Meleklerin o kâfirlerin yüzlerine ve arkalarına vururken: “Yakıcı azabı tadın!” diyerek canlarını aldıklarında bir görsen!” (Enfal 50)

Bu ayette bildirilenler ölen kâfirin ölümü esnasında karşılaşacağı azaptır. Onun yüzüne ve arkasına vurulmakta fakat etrafındaki hiçkimse bunu görmemekte, hissetmemektedir.

Böylece ikinci itirazdaki “Hissi zaruretler bunu imkânsız kılar” şeklindeki iddia da iptal olmuştur.

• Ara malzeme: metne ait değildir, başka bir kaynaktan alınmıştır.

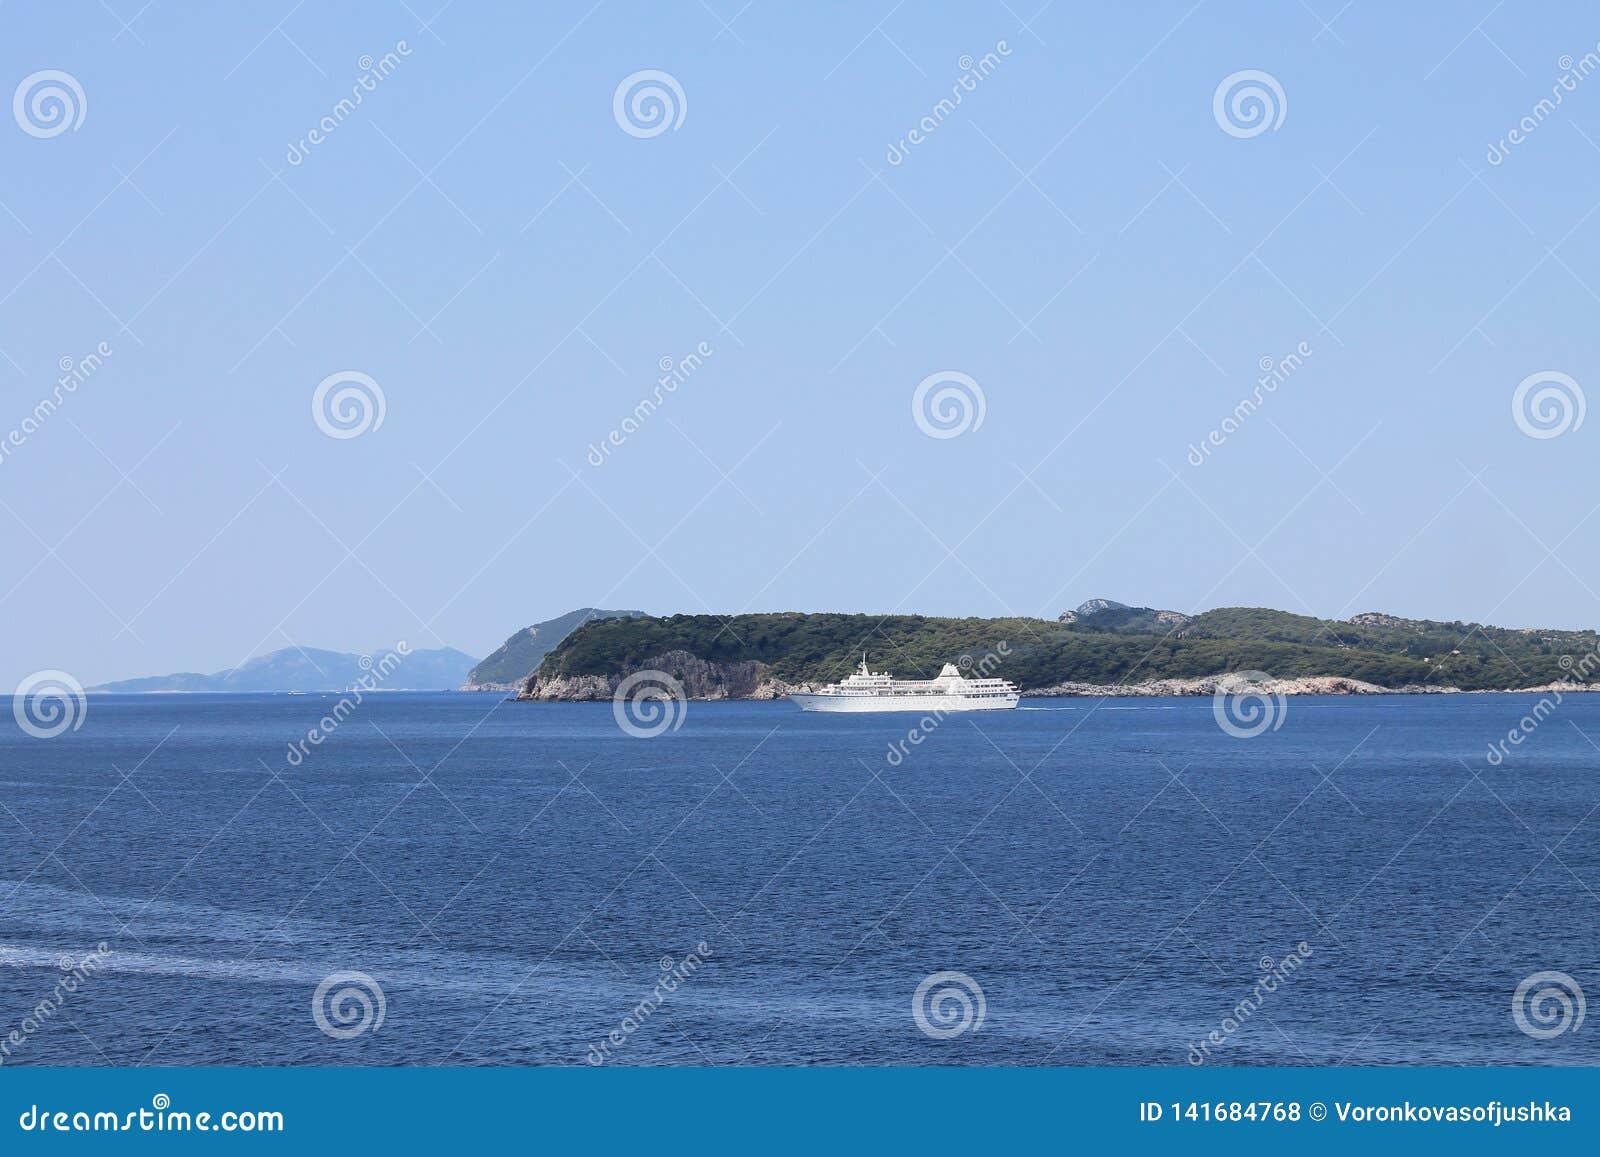 Vista do mar de adriático na península de Lapad da Croácia
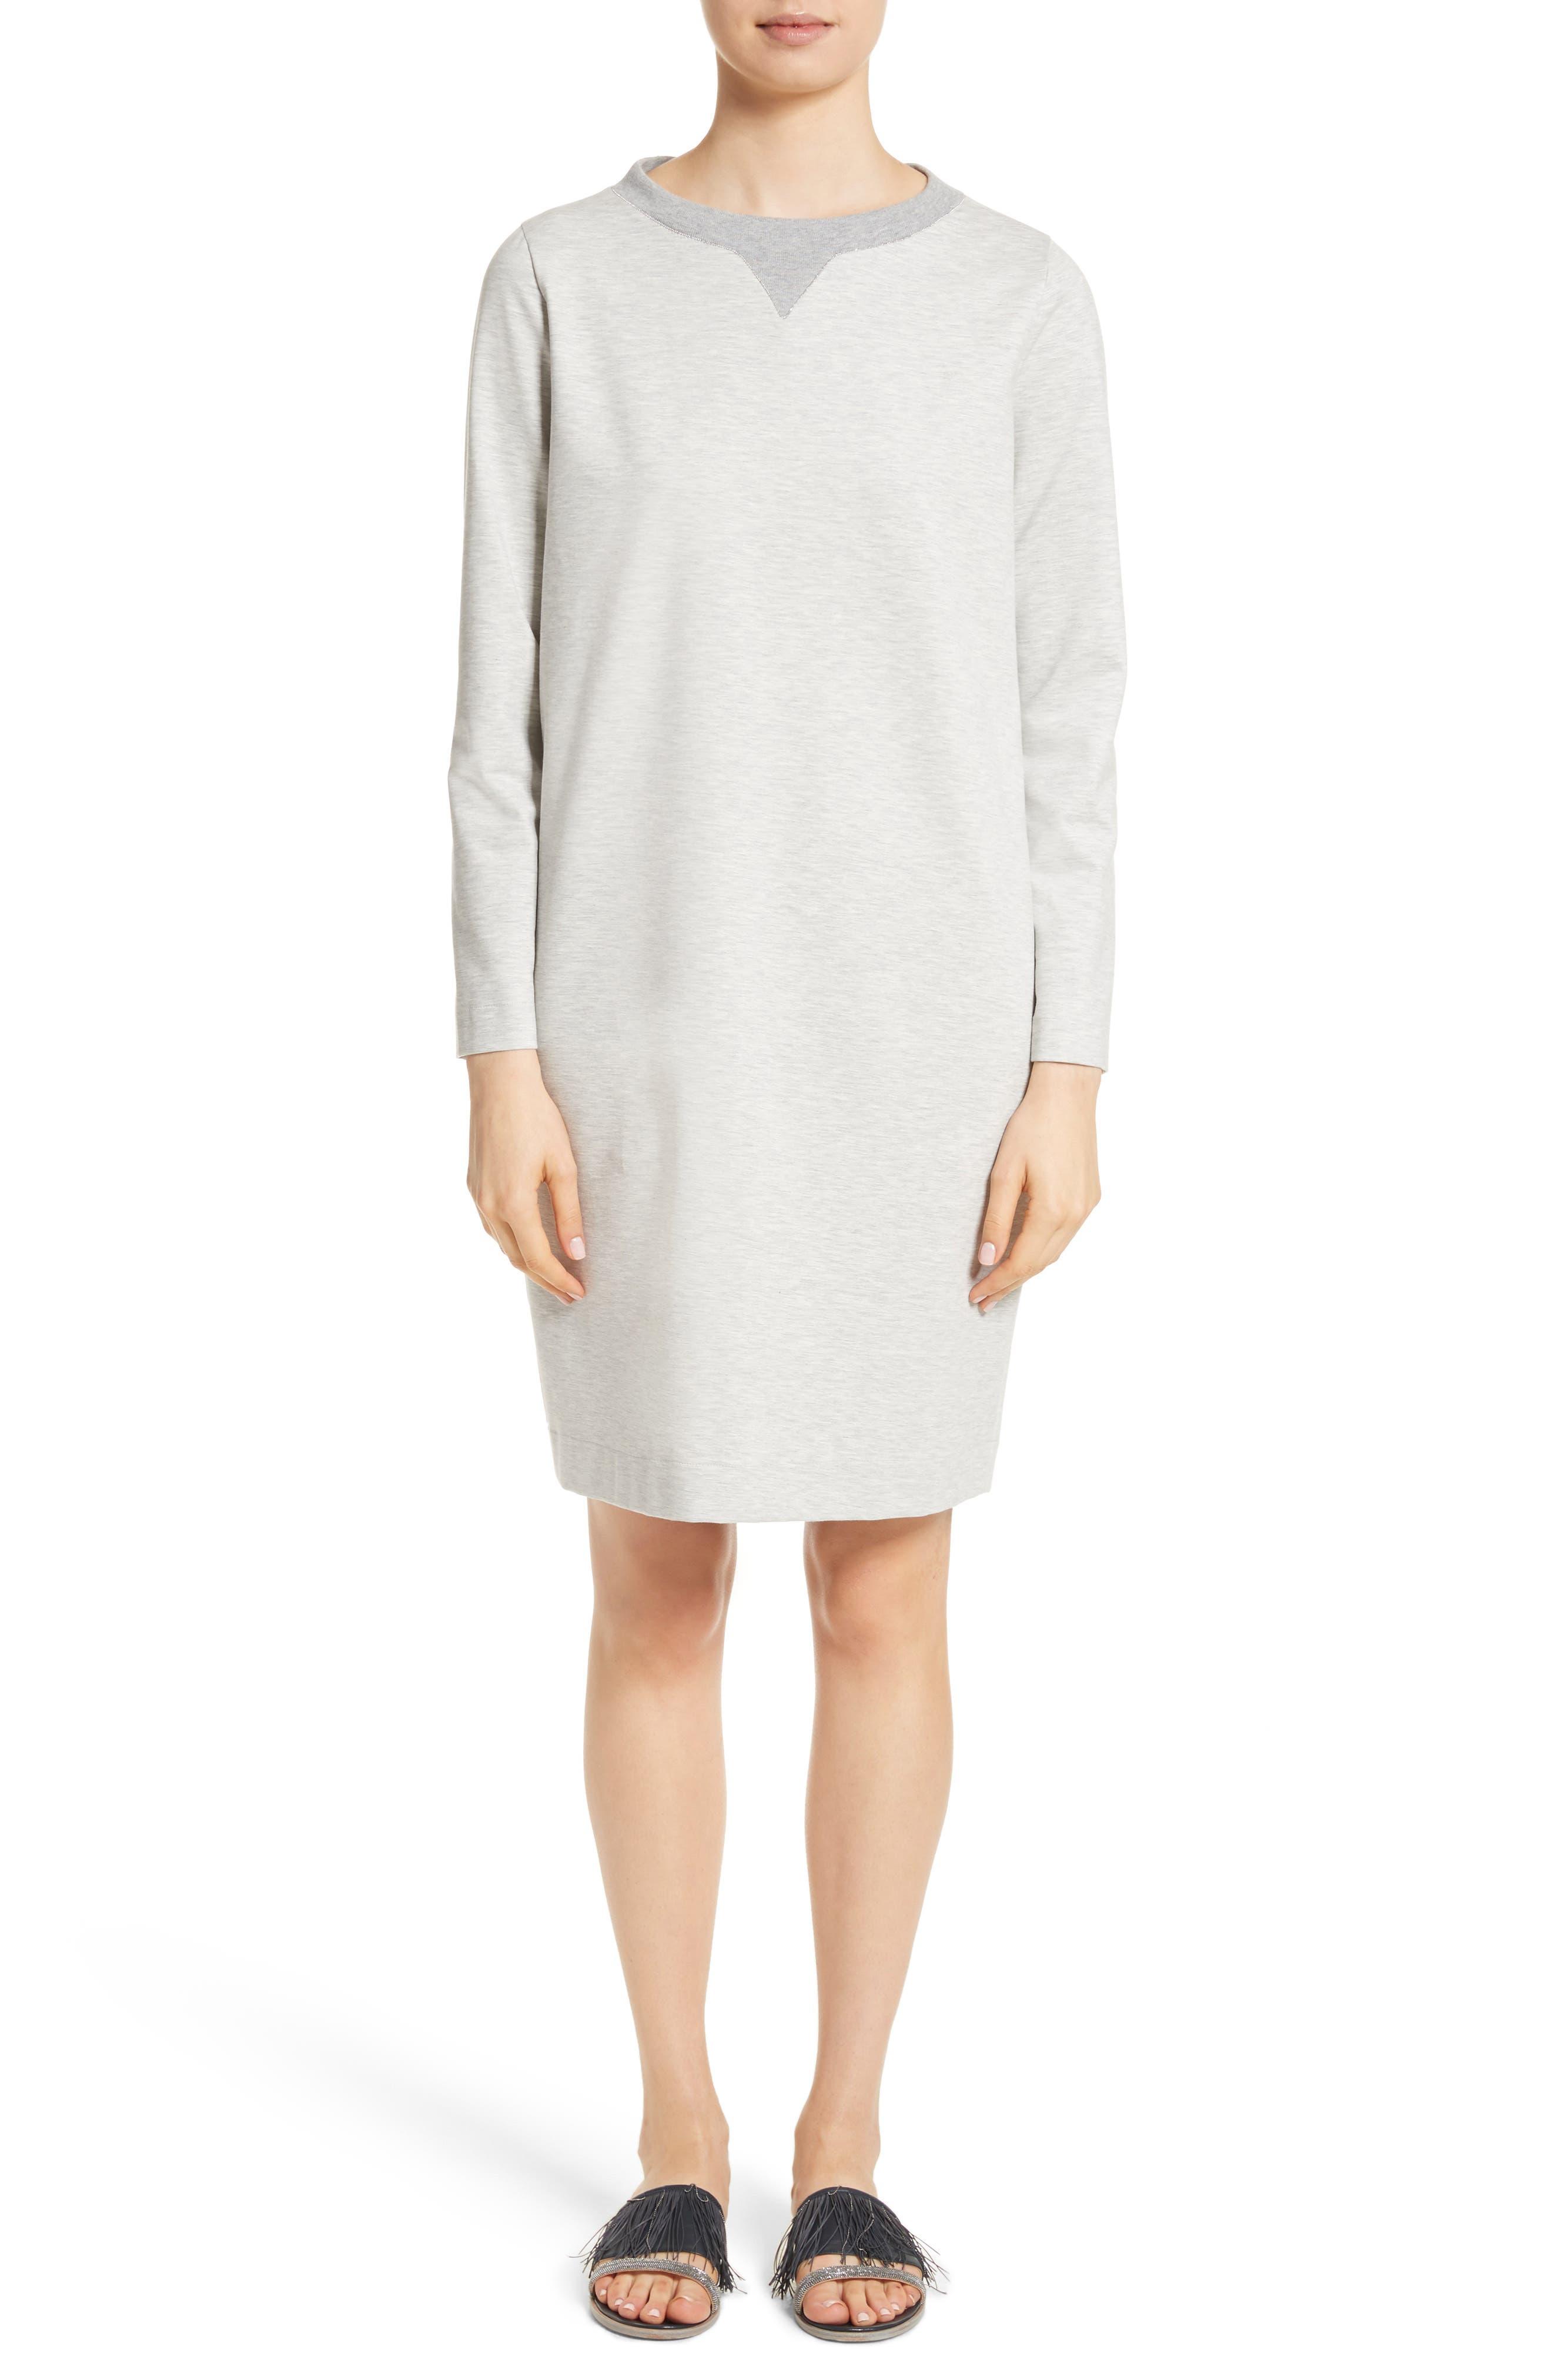 Alternate Image 1 Selected - Fabiana Filippi Rodier Jersey Sweatshirt Dress

Allah Teâlâ’nın: “Muhakkak ki sen ölülere işittiremezsin” ayetini delil getirmelerine gelince, bu doğru bir delil getirme değildir. Çünkü ayette nefyedilen işitme, iki diyarın farklılığından ve aralarındaki irtibatın kesilmesinden dolayıdır. Ancak şer’î nas bazı kimseler için bunu belirtir. Mesela şöyle buyrulmuştur:

Enes radıyallahu anh'den: Rasulullah sallallahu aleyhi ve sellem buyurmuştur:

العَبْدُ إِذَا وُضِعَ فِي قَبْرِهِ وَتُوُلِّيَ وَذَهَبَ أَصْحَابُهُ حَتَّى إِنَّهُ لَيَسْمَعُ قَرْعَ نِعَالِهِمْ أَتَاهُ مَلَكَانِ فَأَقْعَدَاهُ فَيَقُولاَنِ لَهُ مَا كُنْتَ تَقُولُ فِي هَذَا الرَّجُلِ مُحَمَّدٍ صَلَّى اللهُ عَلَيْهِ وَسَلَّمَ؟ فَيَقُولُ أَشْهَدُ أَنَّهُ عَبْدُ اللَّهِ وَرَسُولُهُ فَيُقَالُ انْظُرْ إِلَى مَقْعَدِكَ مِنَ النَّارِ أَبْدَلَكَ اللَّهُ بِهِ مَقْعَدًا مِنَ الجَنَّةِ قَالَ النَّبِيُّ صَلَّى اللهُ عَلَيْهِ وَسَلَّمَ فَيَرَاهُمَا جَمِيعًا وَأَمَّا الكَافِرُ أَوِ المُنَافِقُ فَيَقُولُ لاَ أَدْرِي كُنْتُ أَقُولُ مَا يَقُولُ النَّاسُ فَيُقَالُ لاَ دَرَيْتَ وَلاَ تَلَيْتَ ثُمَّ يُضْرَبُ بِمِطْرَقَةٍ مِنْ حَدِيدٍ ضَرْبَةً بَيْنَ أُذُنَيْهِ فَيَصِيحُ صَيْحَةً يَسْمَعُهَا مَنْ يَلِيهِ إِلَّا الثَّقَلَيْنِ

“Ölü kabre konulup arkadaşları geri dönünce, arkadaşlarının ayak seslerini işitir ve ona iki melek gelir, onu oturturlar. “Aranızda bulunan ve kendisine Muhammed denilen kişi hakkında ne diyordun?” derler. Mü’min olan: “Allah'ın kulu ve Rasûlu olduğuna şahitlik ederim” der. O zaman, o melekler mü’mine: “Cehenemdeki yerine bak. Allah onu senin için, Cennetten bir menzille değiştirdi” derler. Ölü hem Cennetteki yerini hem de Cehennemdeki yerini bera­ber görür. Münafık veya kâfire de: “Şu adam hakkında ne diyordun?” diye sorulunca: “Ben bilmiyorum, insanlar onun için ne dedilerse ben de onu diyordum” der. Ona: “Bir şey bilmeyesin ve okumayasın” denilir. Demir sopalarla dövülür. Öyle bir sesle bağırır ki insanlar ve cinler dışında herşey o sesi işitir.”[68]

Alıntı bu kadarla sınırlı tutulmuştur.